Foster care is certainly less common than full time institutional care at an orphanage. Just as Chinese orphanages are all independently run, it can be difficult to generalize about how foster care is run in China. In some areas, foster care is very common while in others it is not used at all. In areas with foster care, some orphanage directors send the healthiest children to live with the foster families while in others, it is the children who have greater medical needs who live with foster families because they are felt to benefit the most from the increased attention. Foster care sometimes involves living with a family in an apartment actually on site in the orphanage grounds but in other areas the foster families live far from the orphanage and the children might only be seen once a year at the orphanage which has guardianship for the child. Foster parents are typically older couples who have already raised a child or children but do not yet have grandchildren. Love Without Boundaries has a blog post explaining why most foster families in China do not adopt.
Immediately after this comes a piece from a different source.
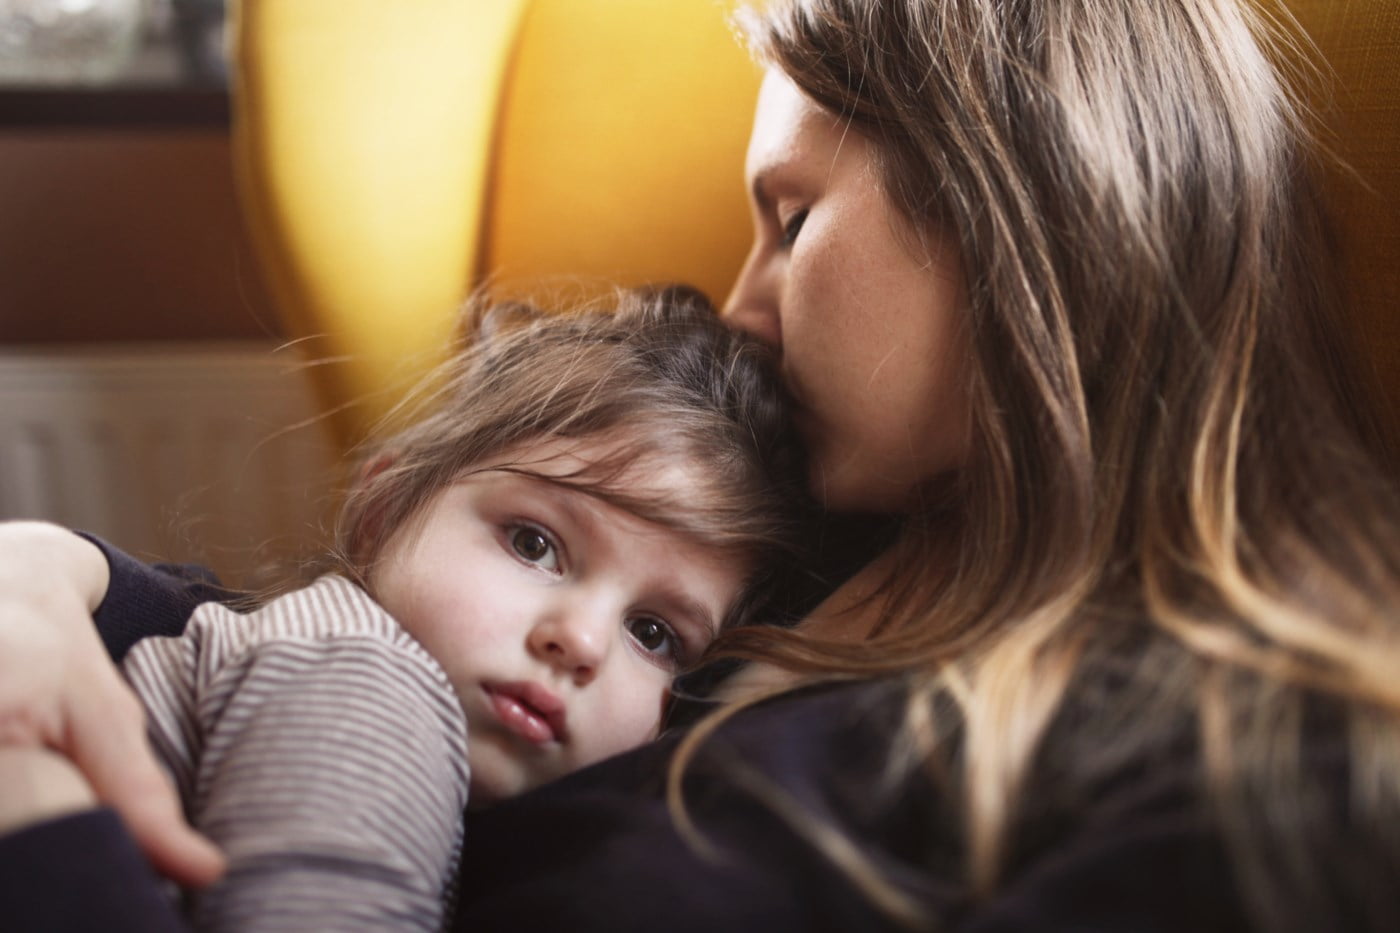 Mor kysser datteren sin på pannen mens de sitter i en komfortabel lenestol.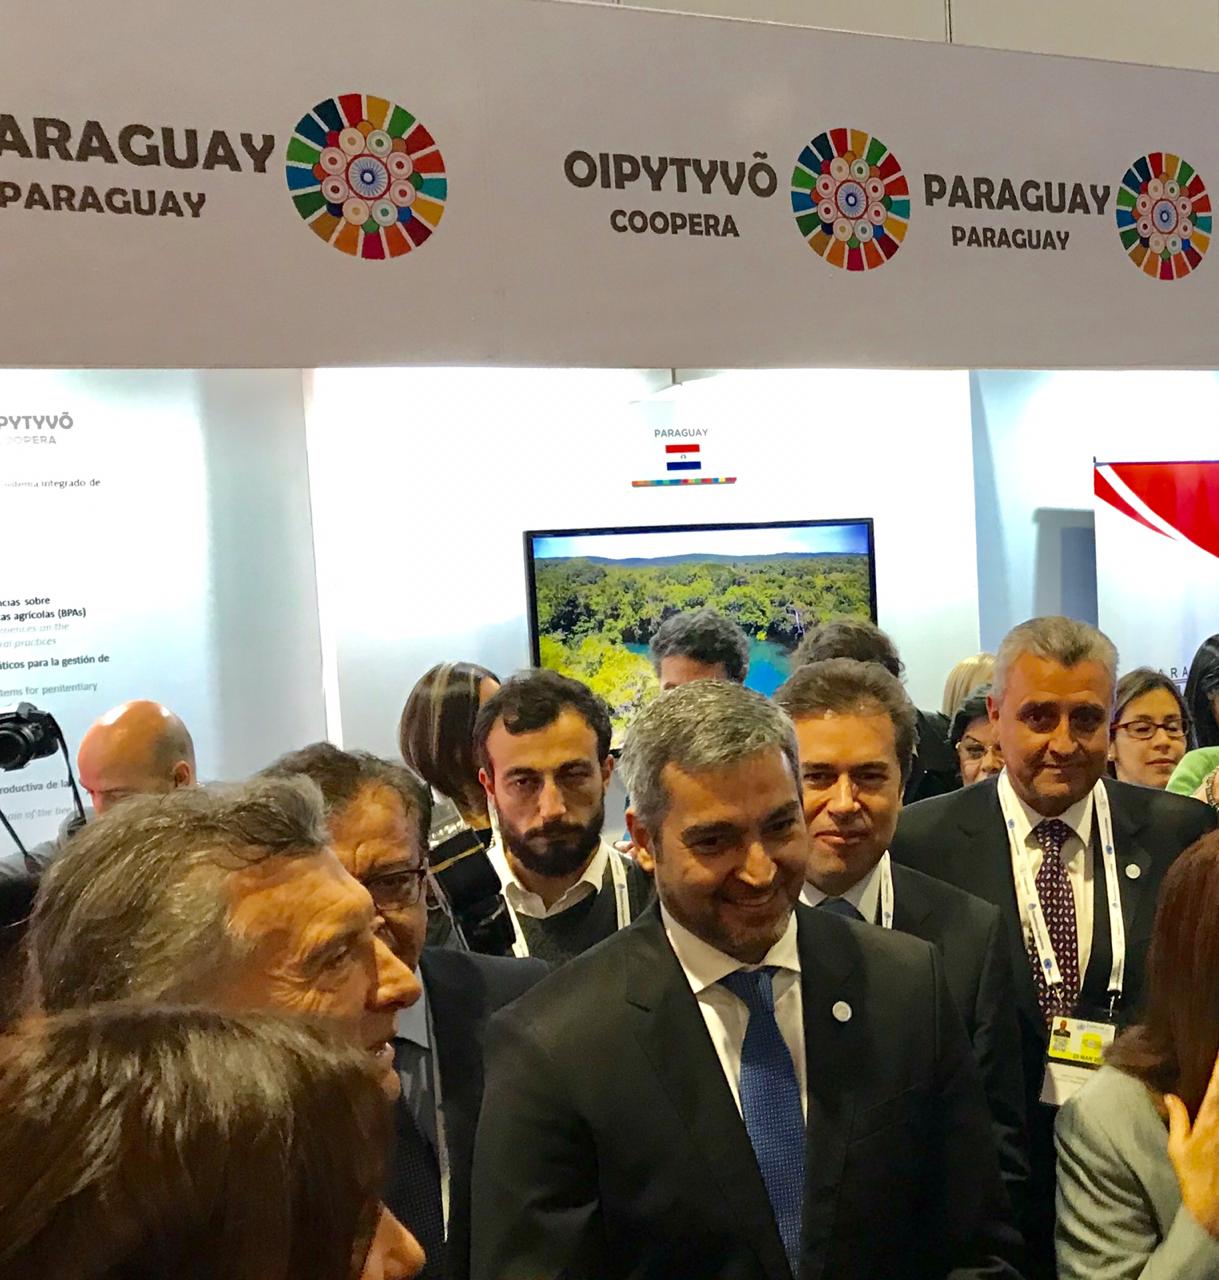 Presidentes Abdo Benítez y Macri visitaron el stand del Paraguay en la exposición de Cooperación Sur – Sur

Is it better to adopt a child from foster care than from an orphanage?
Because many potential adoptive parents have learned of programs such as Love Without Boundaries or Onesky, many parents will give preference to children who are enrolled in a foster care program. Sometimes the file will give the child’s residence as a foster home. Often if the child is in foster care it will not be indicated in the file, either because the orphanage oversees the foster program or because the child was moved to foster care after the file was prepared. If you are considering a file, I would urge you not to give too much weight to the foster versus orphanage situation. In the first place, you might feel a false sense of security that foster care will guarantee that your child will not have any struggles in their transition to your family. There are never any guarantees, and your child will most greatly be impacted by their personality and their previous life experiences.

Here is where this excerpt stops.